Start of Input material

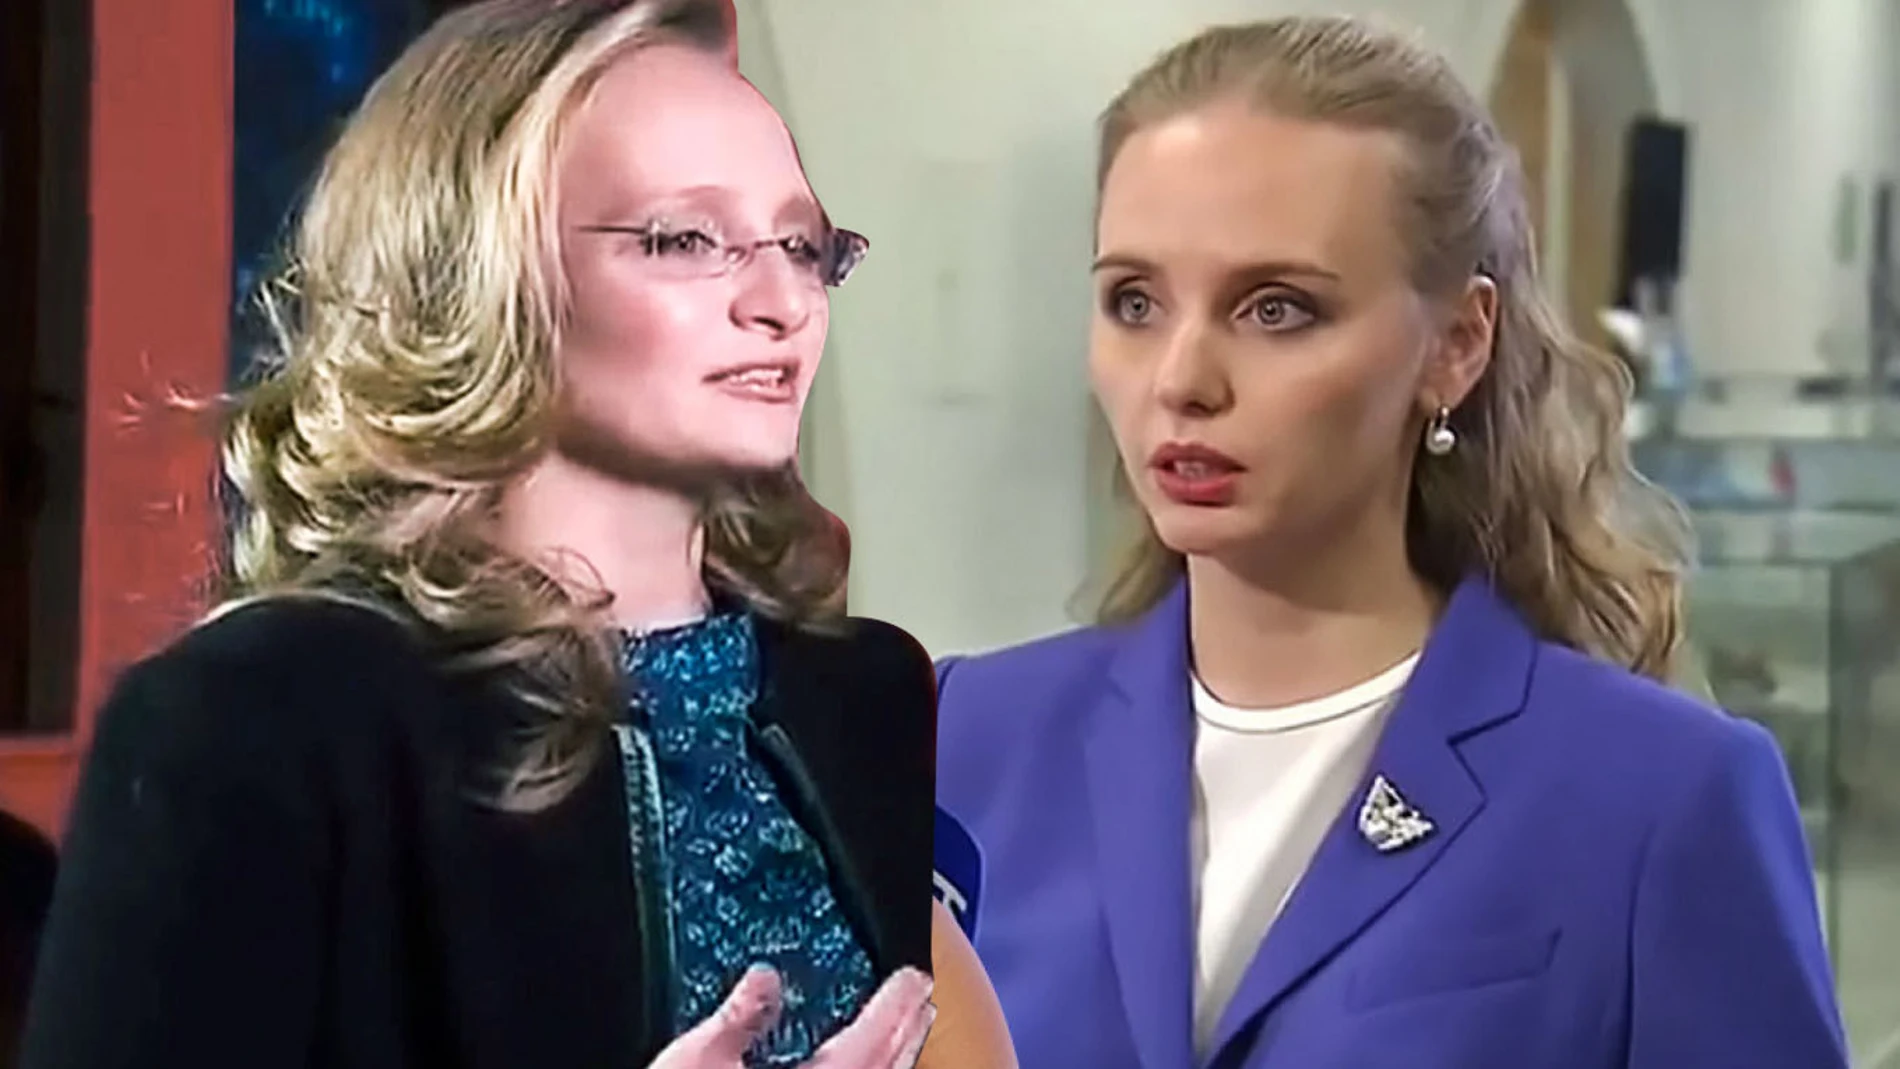 Las hijas de Vladimir Putin, Katerina Tikhonova y Maria Vorontsova, que van a ser sancionadas por la UE
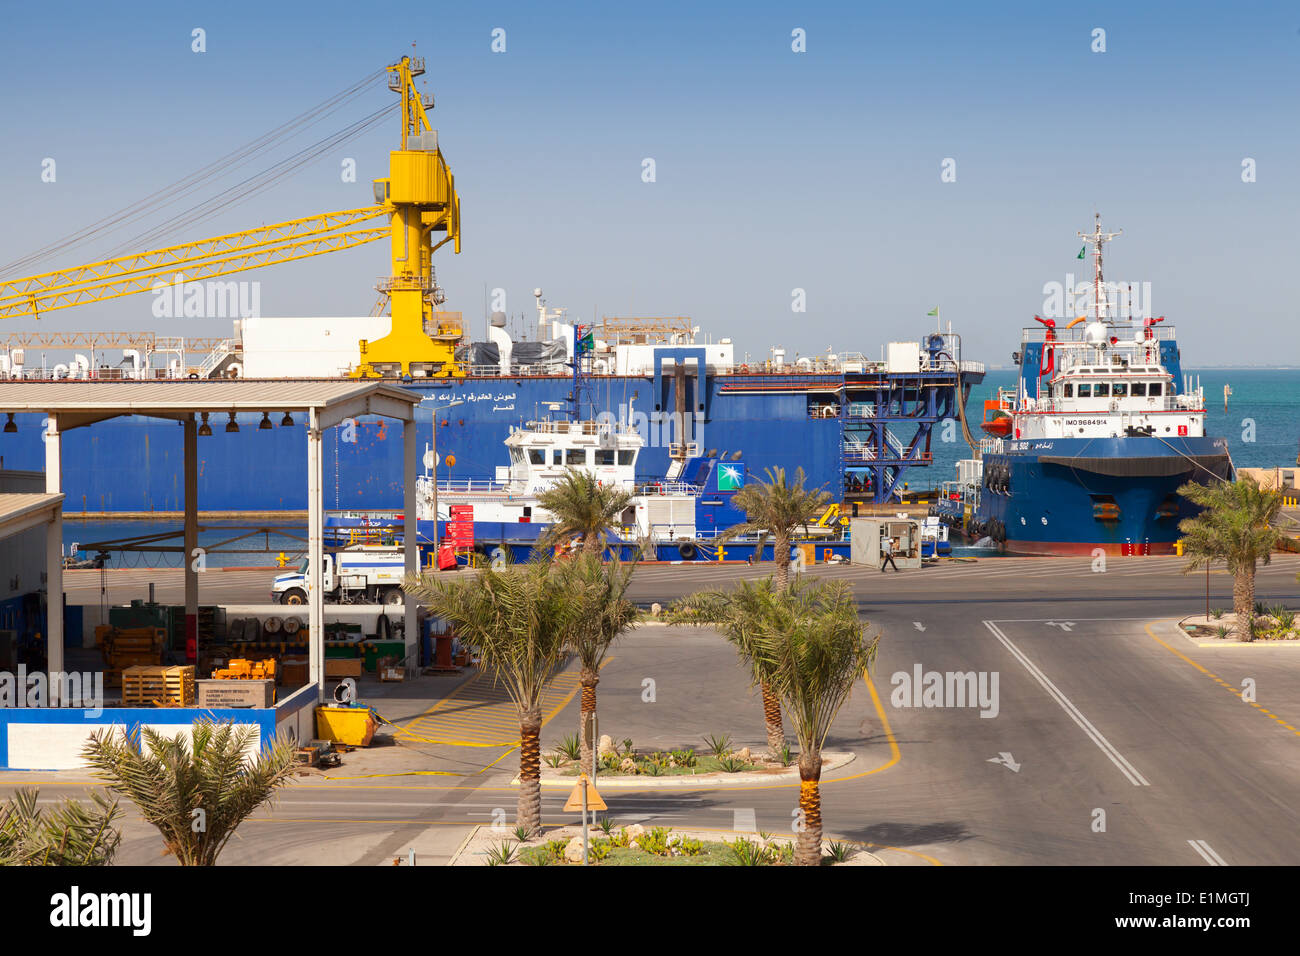 RAS TANURA, SAUDI ARABIA - MAY 14, 2014: Port view with moored ships, Saudi Arabia Stock Photo
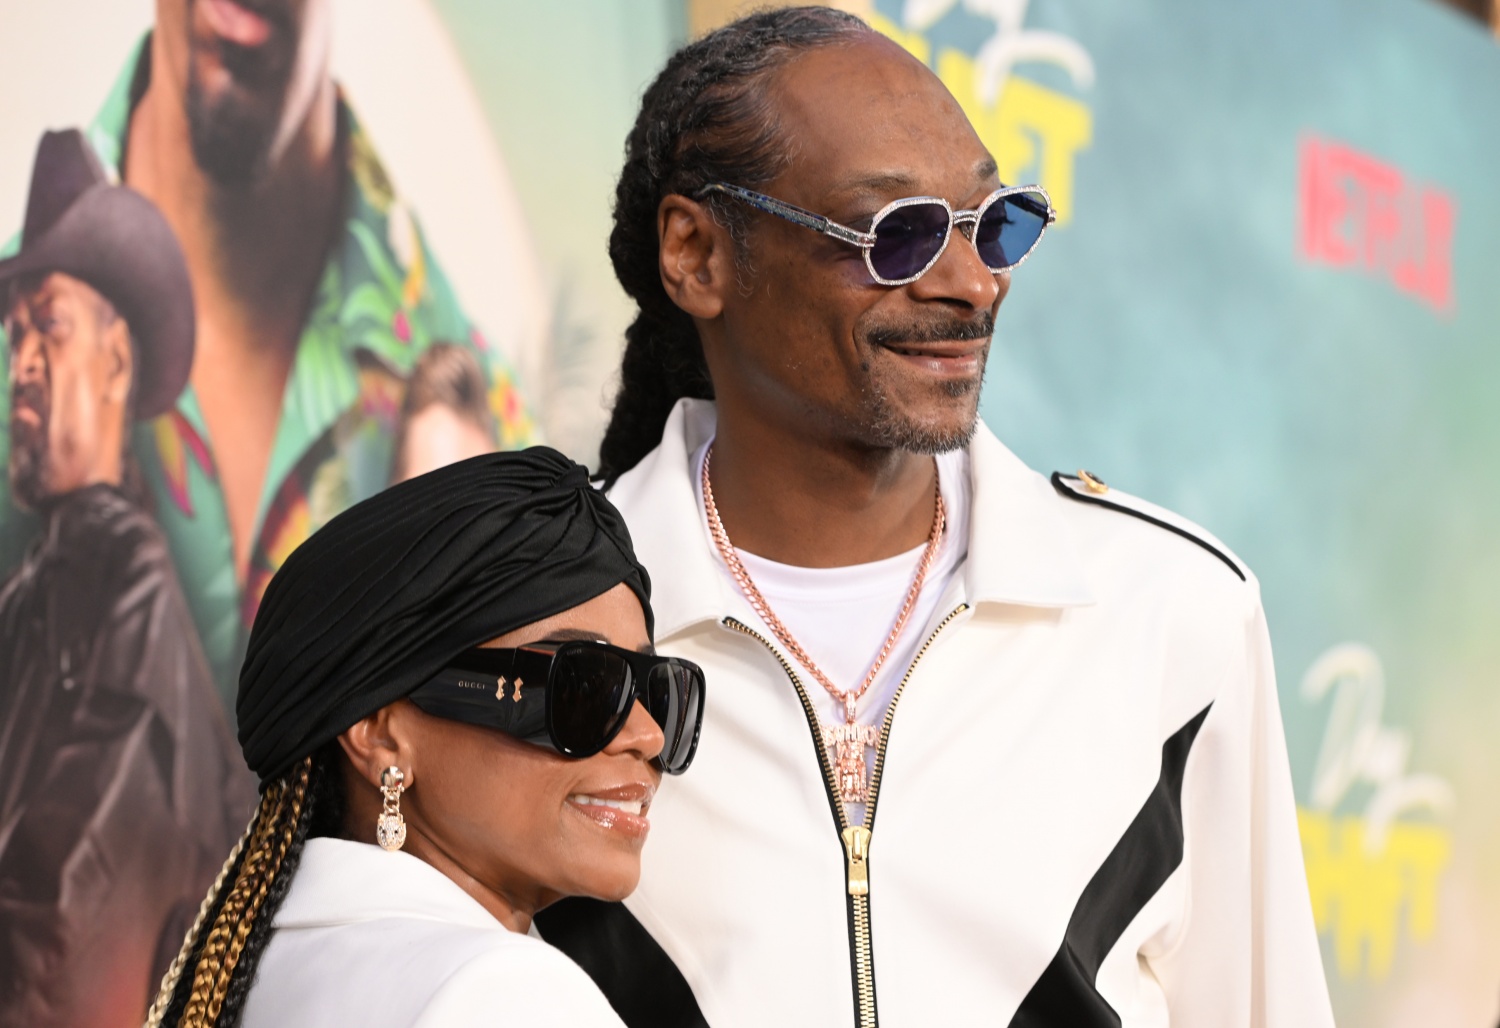 (L-R) Shante Broadus and Snoop Dogg
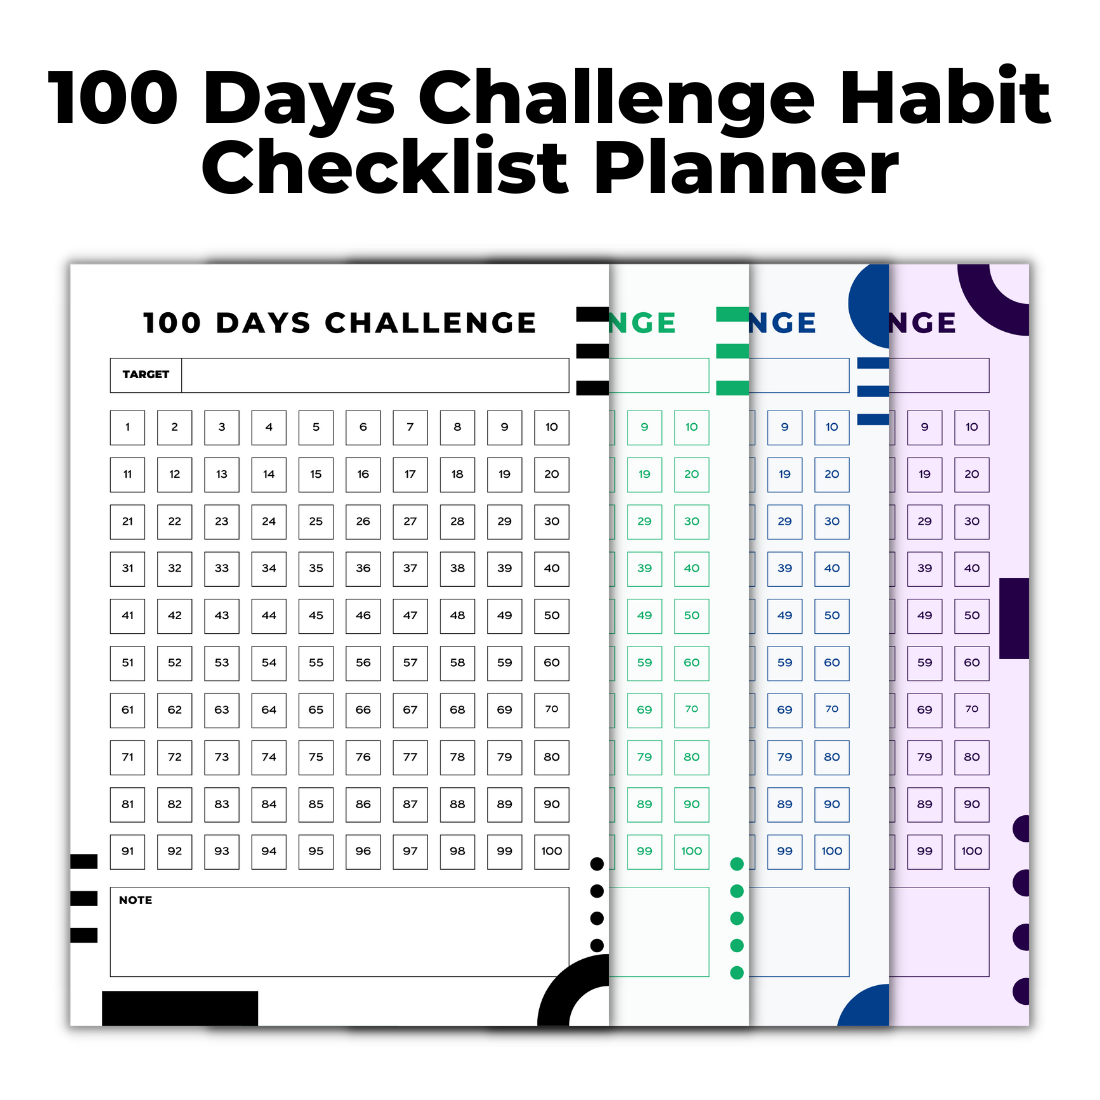 100 Days Challenge Habit Checklist Planner Template cover image.
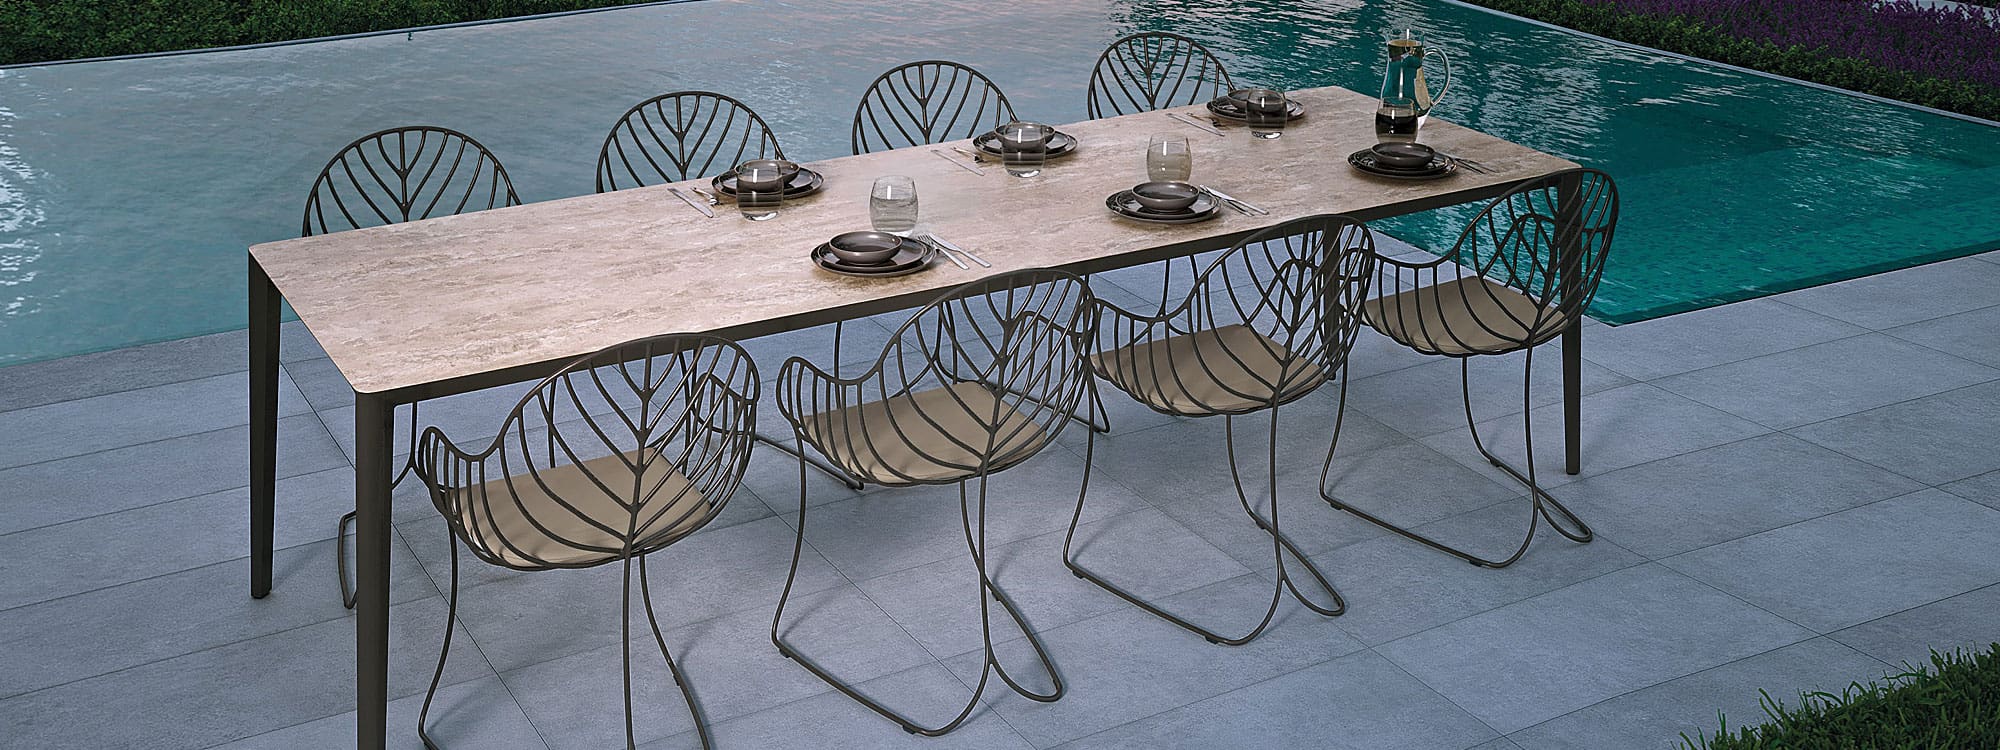 Image of Unite bronze garden table with Travertine ceramic top & bronze Folia chair by Royal Botania

End of Input material

*What is required*
The result should be an exact retyped version of all the entries above, containing no pictures.

*Problem solution*
 Las hijas de Vladimir Putin, Katerina Tikhonova y Maria Vorontsova, que van a ser sancionadas por la UE
 RAS TANURA, SAUDI ARABIA - MAY 14, 2014: Port view with moored ships, Saudi Arabia Stock Photo
 (L-R) Shante Broadus and Snoop Dogg
 100 Days Challenge Habit Checklist Planner Template cover image.
 Image of Unite bronze garden table with Travertine ceramic top & bronze Folia chair by Royal Botania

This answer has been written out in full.